Stored data:
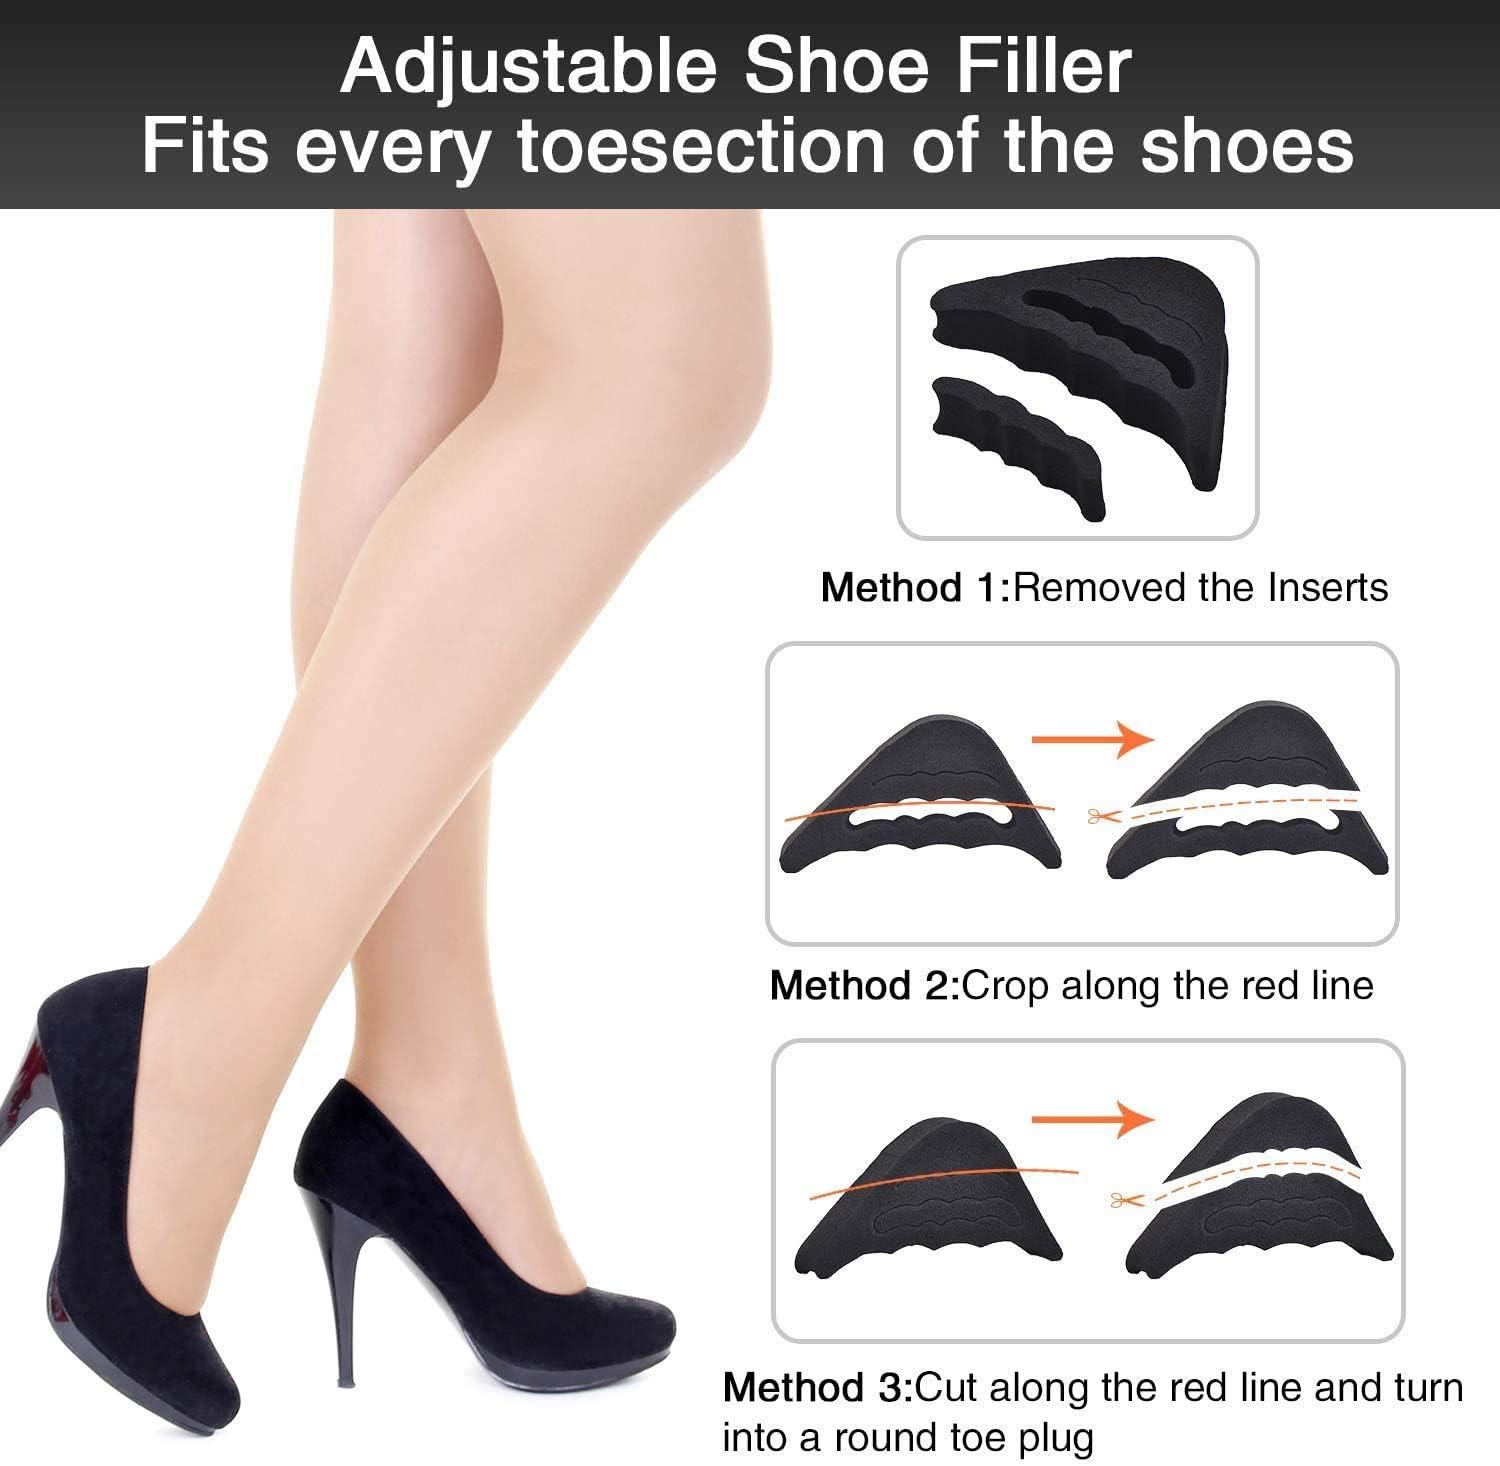 6 Pairs Toe Filler & Shoe Inserts, Adjustable Shoe Fillers Toe Filler  Inserts Big Toe Plug Foot Brace Pads for Pumps, Flats, Sneakers 
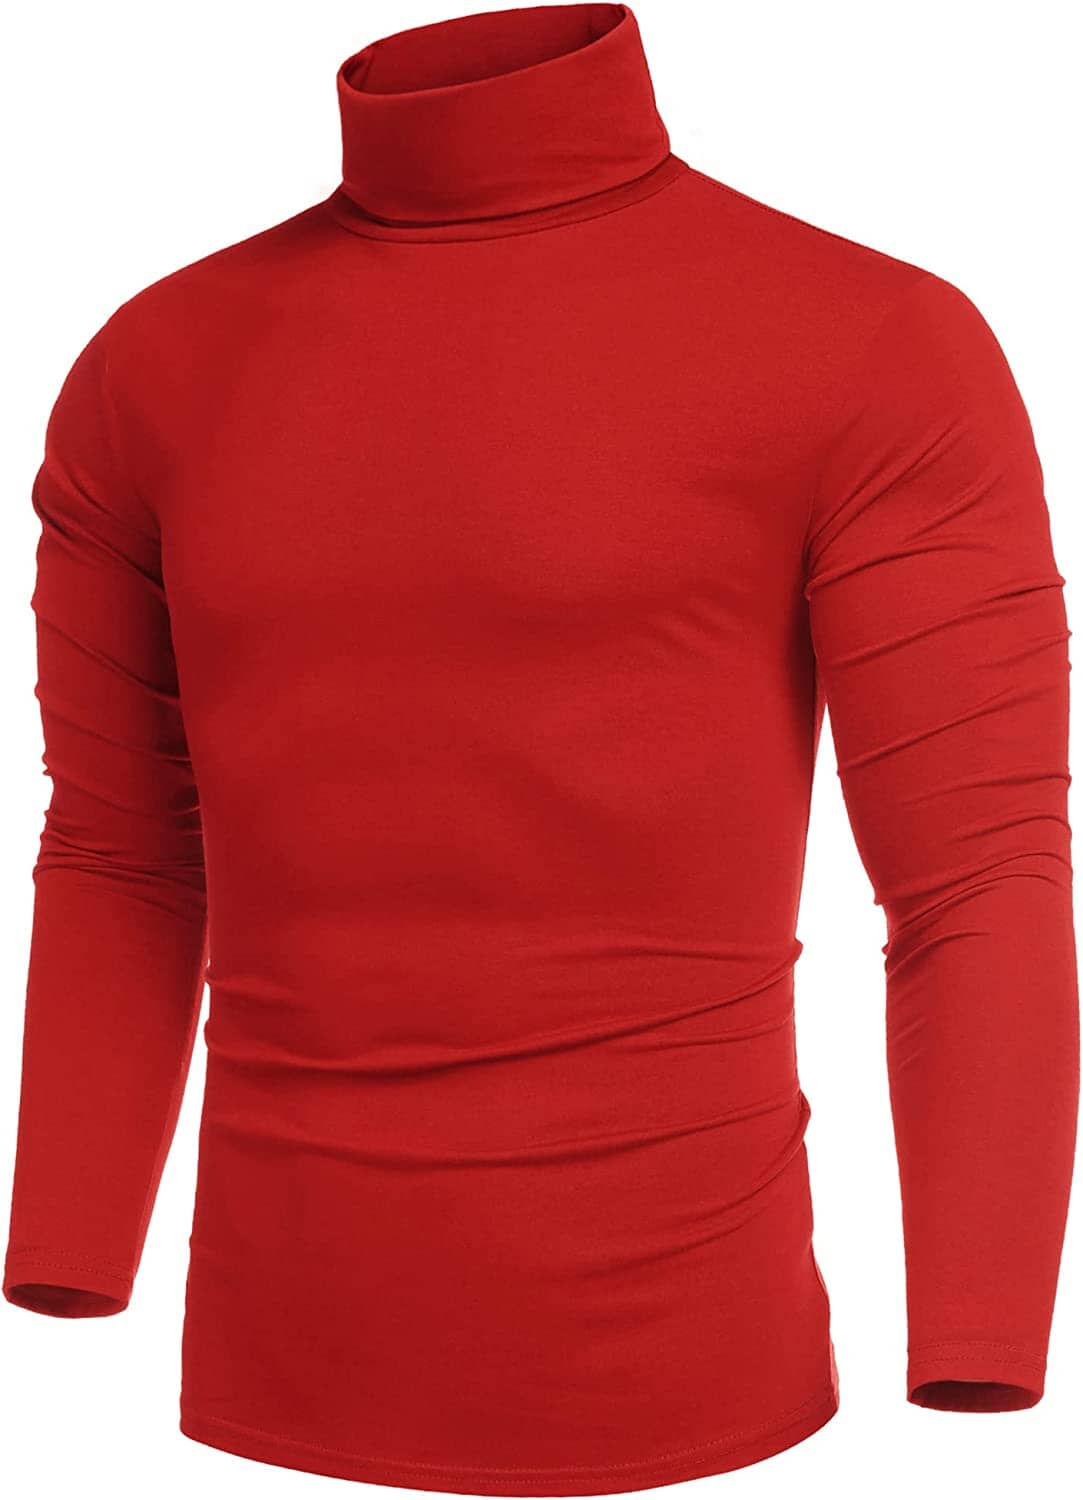 Slim Fit Turtleneck Basic Cotton Sweater (US Only) Sweaters COOFANDY Store Red S 
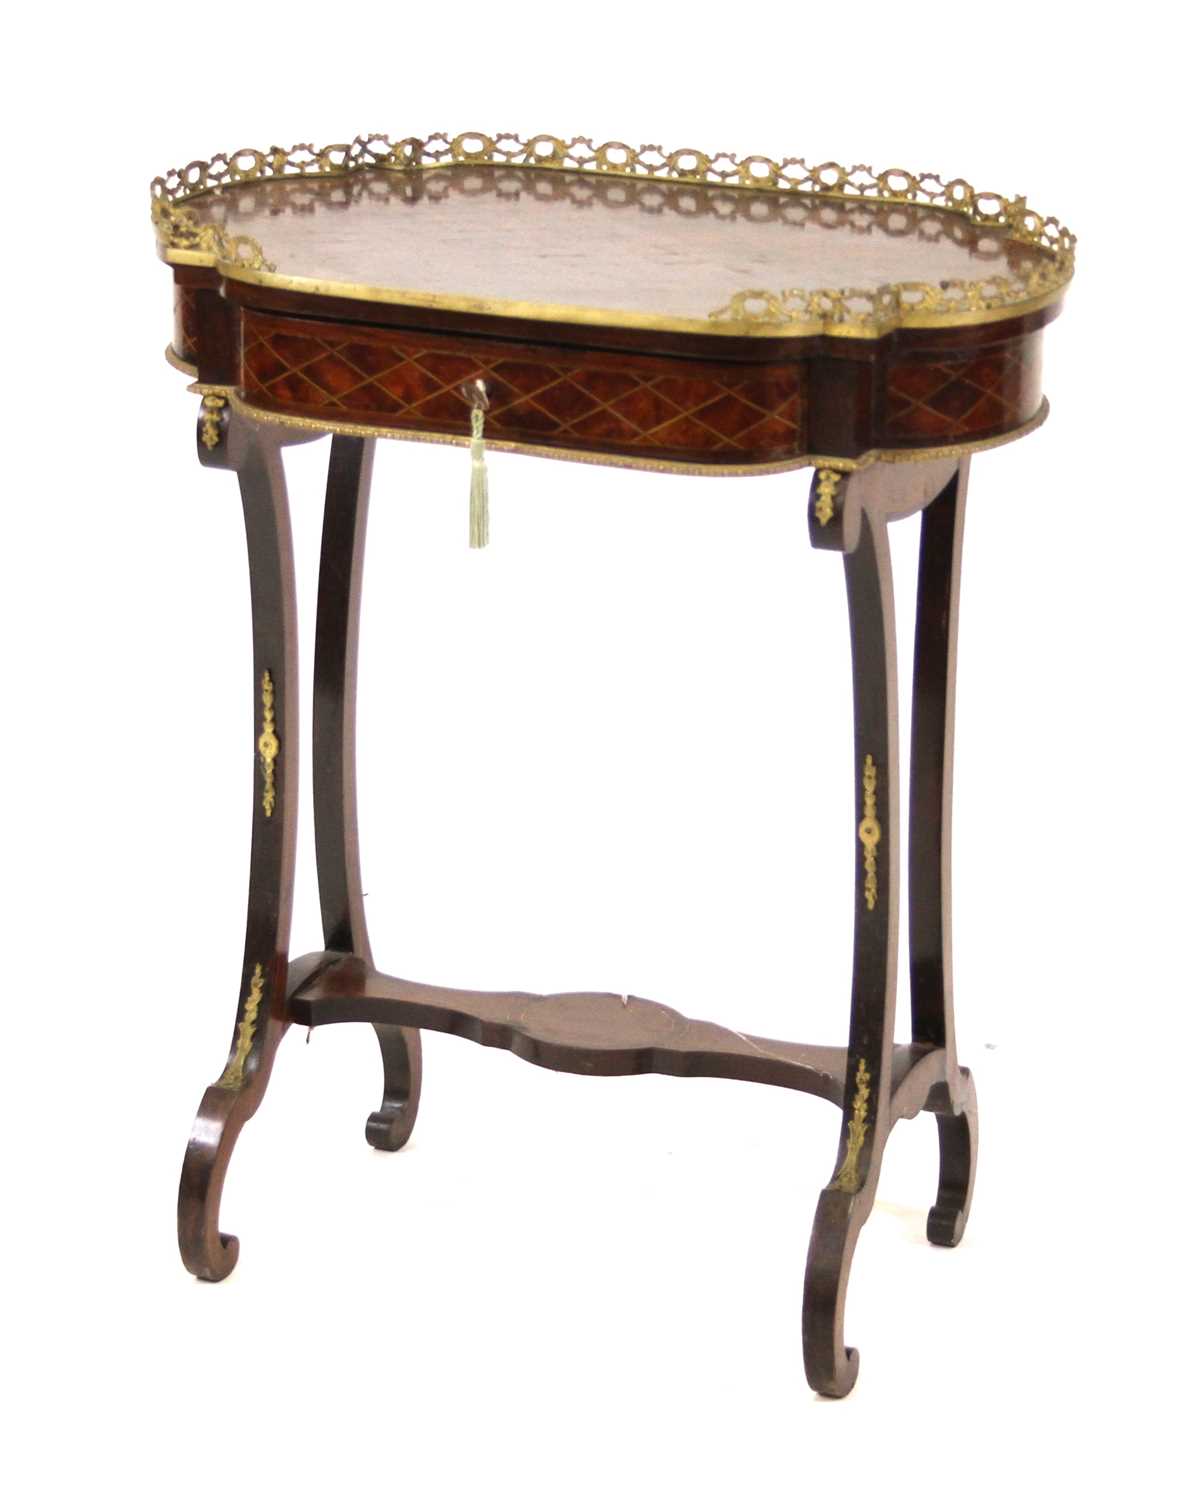 A late 19th century French walnut crossbanded and inlaid gueridon table, having a pierced brass

How to complete this task:
Take the line containing "Slim Fit Turtleneck" and all lines after it to the end of the data above, and reproduce them exactly, leaving out pictures. Nothing else belongs in the copy.

Task output:
 Slim Fit Turtleneck Basic Cotton Sweater (US Only) Sweaters COOFANDY Store Red S 
 A late 19th century French walnut crossbanded and inlaid gueridon table, having a pierced brass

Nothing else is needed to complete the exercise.